Posted on May 6, 2020 • Edited on May 7, 2020

LeetCode: Jewels and Stones

#datastructures #algorithms #interview #hashing

Problem Statement

You're given strings J representing the types of stones that are jewels, and S representing the stones you have. Each character in S is a type of stone you have. You want to know how many of the stones you have are also jewels.

The letters in J are guaranteed distinct, and all characters in J and S are letters. Letters are case sensitive, so "a" is considered a different type of stone from "A".

Example

Example 1:

Input: J = "aA", S = "aAAbbbb" Output: 3

Example 2:

Input: J = "z", S = "ZZ" Output: 0

Note:

S and J will consist of letters and have length at most 50.
The characters in J are distinct.

Solution Thought Process

This is a well-known hash problem. First, we take the jewel string and record the frequencies in the hash set.
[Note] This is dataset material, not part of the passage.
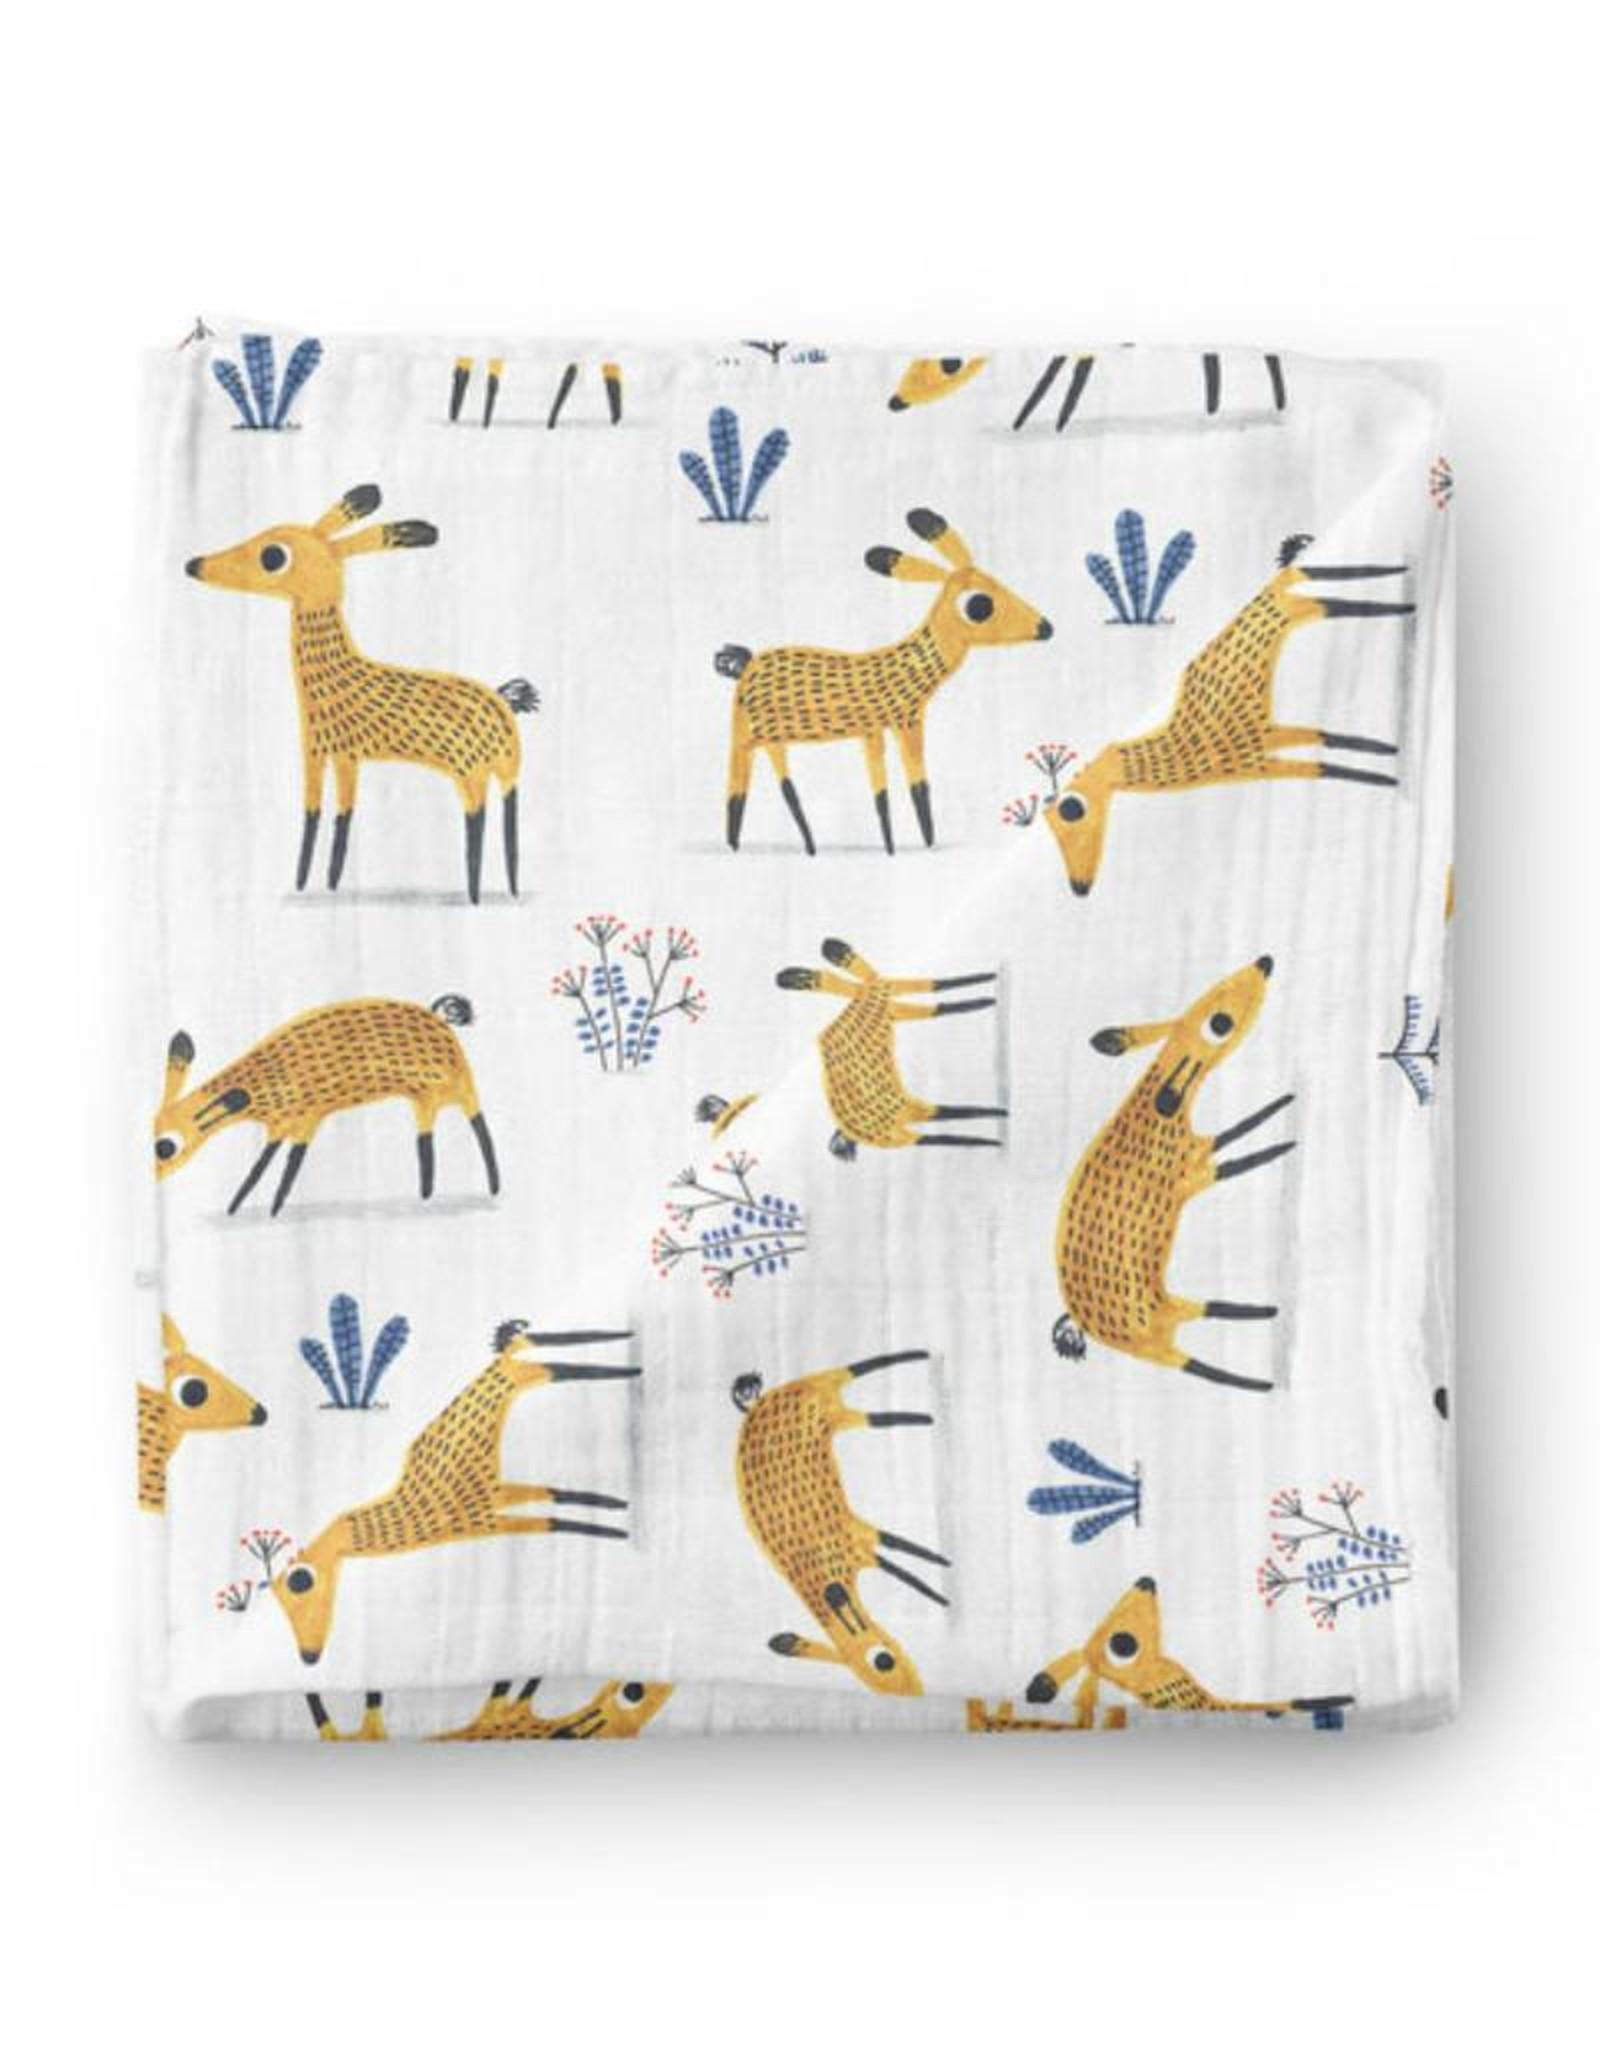 Olé Hop Bamboo blanket - Deer - Elise Gravel

Then we go through the S string to find out if this is a jewel by checking the set one by one, increasing the count of the result by one.

We can find the items in the unordered_set in O(1) time.

Solution

class Solution { public: int numJewelsInStones(string J, string S) { unordered_set<char>jewels; int result = 0; for(int i=0;i<J.size();i++) { jewels.insert(J[i]); } for(int i=0;i<S.size();i++) { if(jewels.find(S[i])!=jewels.end()) { result++; } } return result; } };